Top-down hydrogen/deuterium exchange and ECD-stitched FTICR-MS for probing structural dynamics of a 29-kDa enzyme

Abstract

Top-down hydrogen/deuterium exchange mass spectrometry (HDX-MS) is becoming a powerful tool for structural biology. Using gas-phase sequencing methods such as electron capture dissociation (ECD), “H/D scrambling free” top-down HDX measurements on proteins can be made with high resolution and full sequence coverage. Although it has clear advantages over traditional proteolysis- and liquid chromatography-based HDX-MS, its application has thus far been limited to small (<18kDa) proteins.

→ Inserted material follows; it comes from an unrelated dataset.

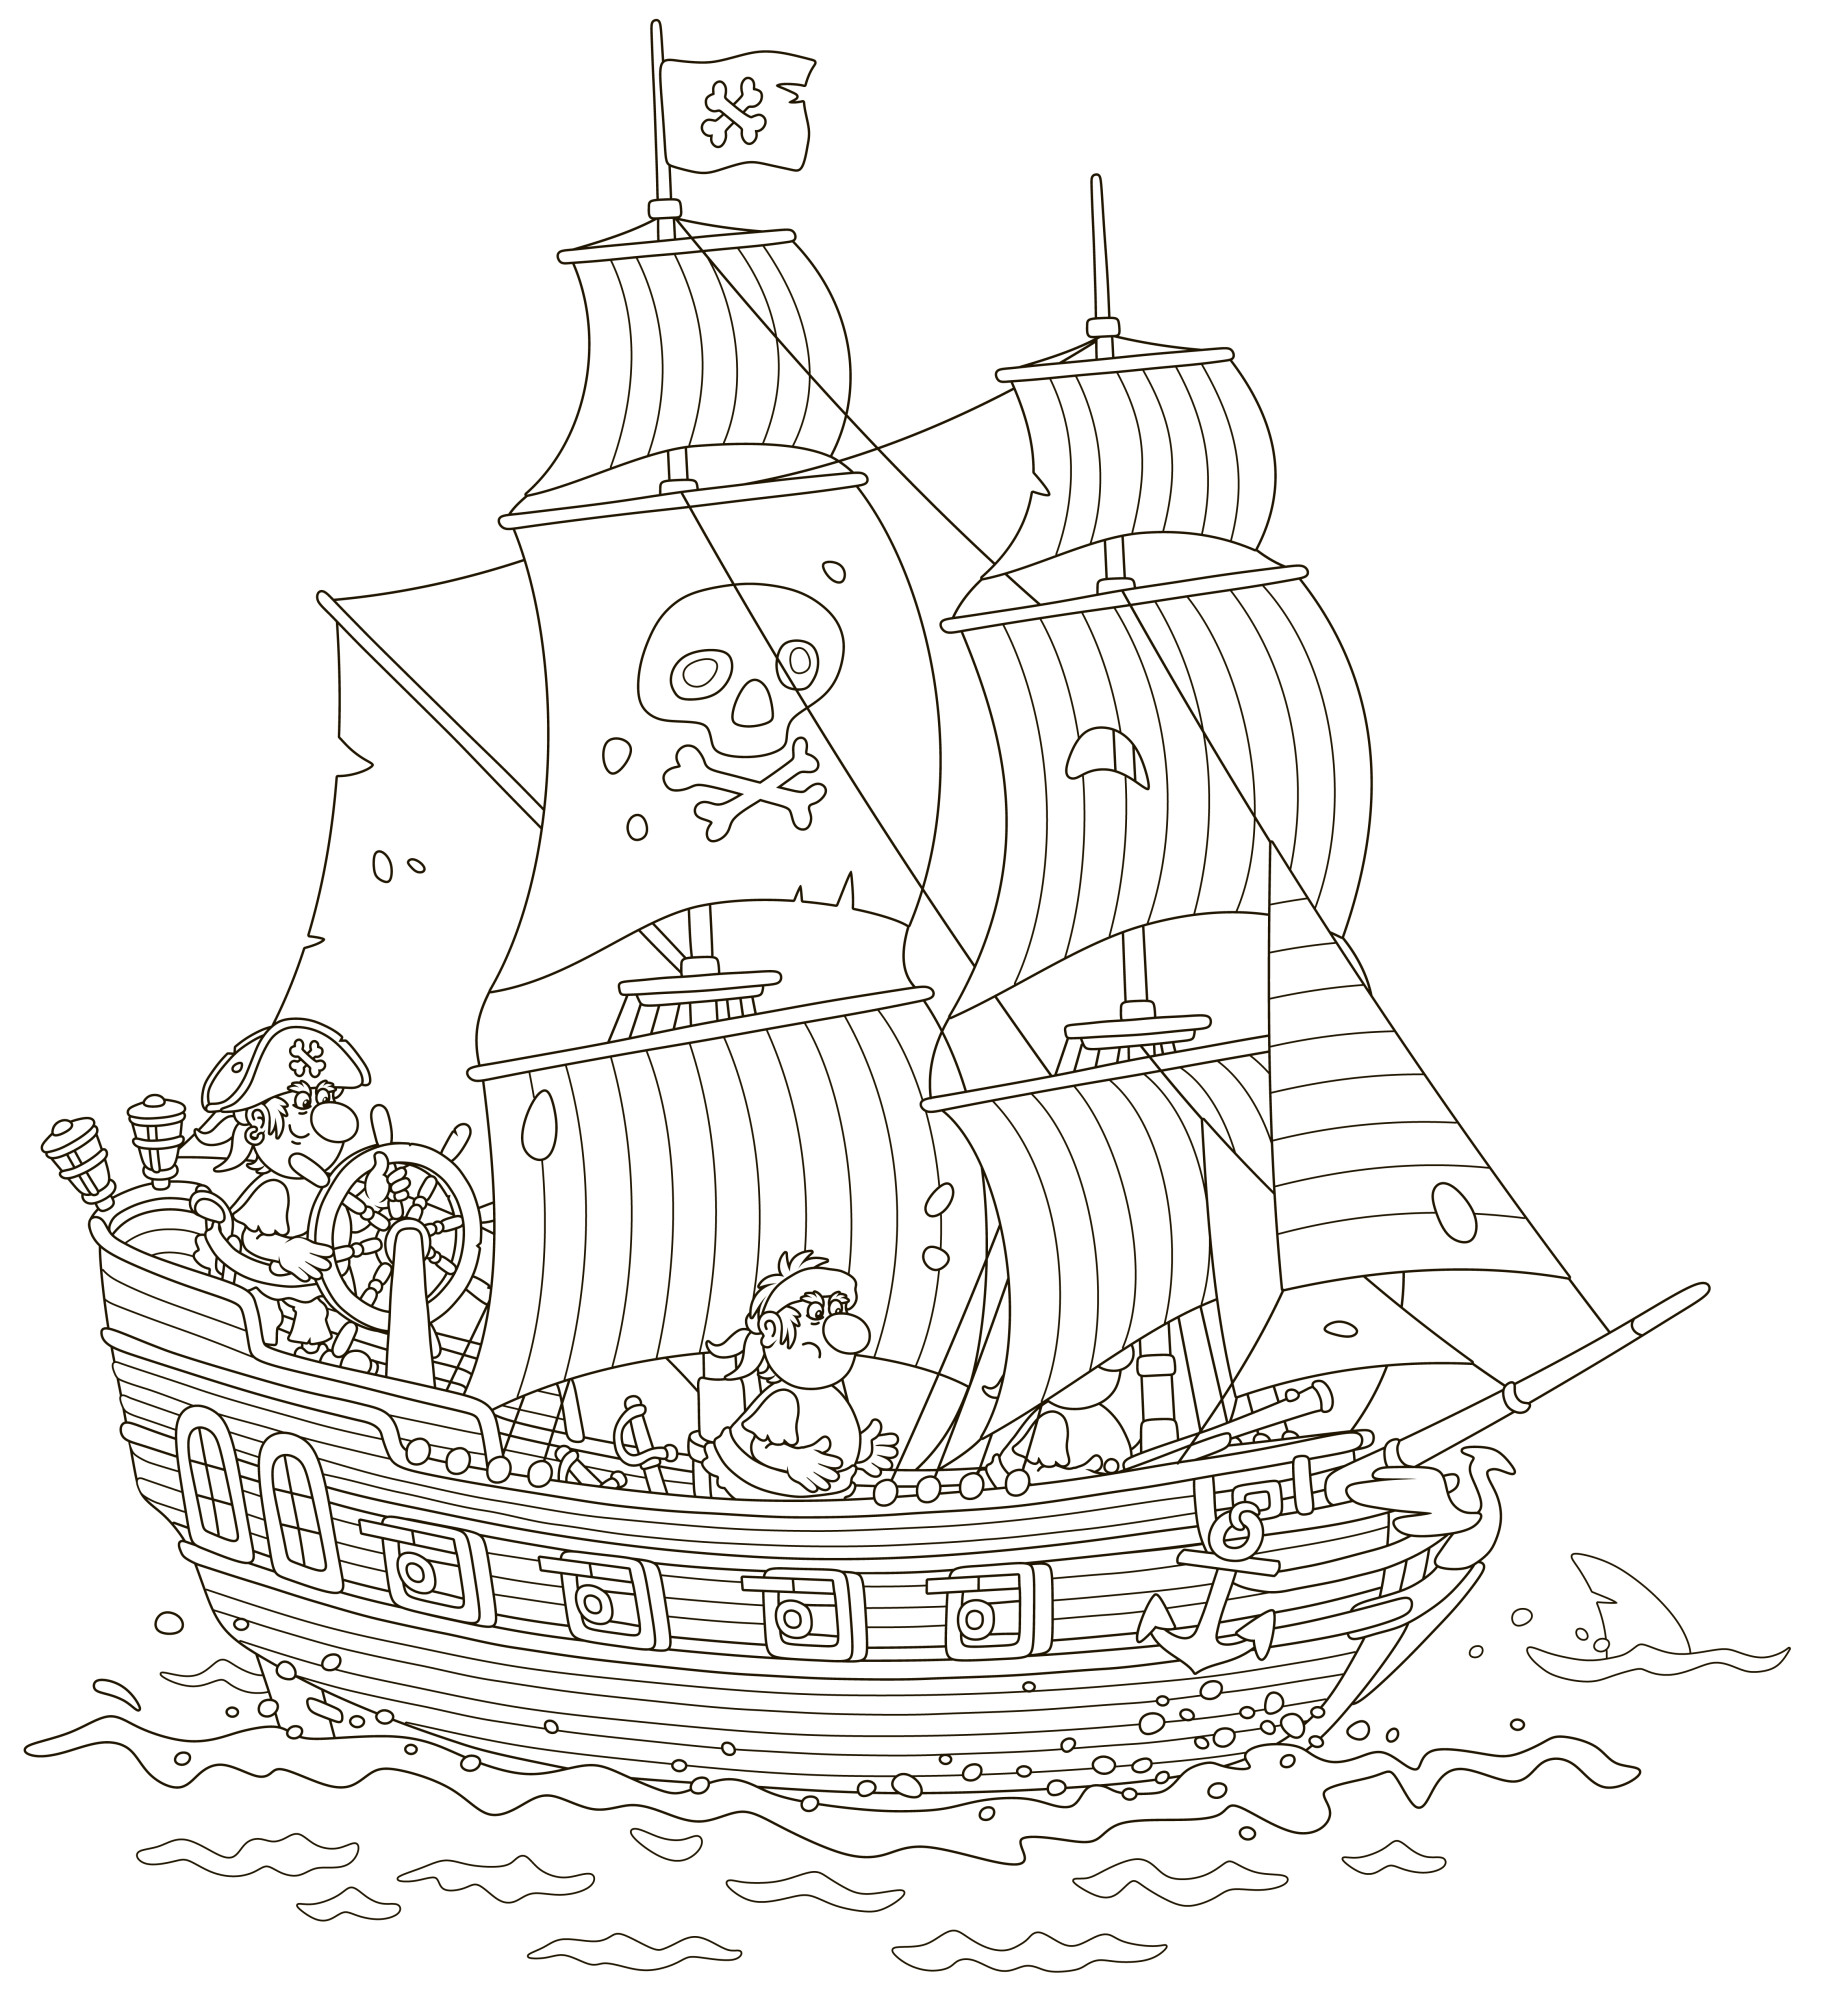 Раскраска для детей: большой пиратский корабль с пушками и флагом

The current study has extended the top-down approach to structural dynamics characterization of a nearly 30kDa protein, carbonic anhydrase II (CAII). Employing a novel “ECD-stitching” method, which combines two different ECD settings optimized for the observation of small and large fragments respectively, a total of 120 fragment ions were obtained with sufficient signal/noise for top-down HDX-MS analysis. These ions cover the whole sequence of the protein and provide an average resolution of 2 residues. The results have shown that the most protected region in CAII is the β-sheet motif located in the center of the enzyme, while α-helices located at the outer surface exhibit much less protection. A high degree of protection was also found in loops where solvent access is restricted. These observations are compatible with the structural features of CAII as provided by X-ray crystallographic studies. In addition, the drug-induced conformational transitions of CAII were also characterized. The ECD-stitching top-down approach should be readily applicable to other large proteins and protein complexes, and may give better insights into conformational changes and other solution-phase processes than can be obtained via crystallographic techniques.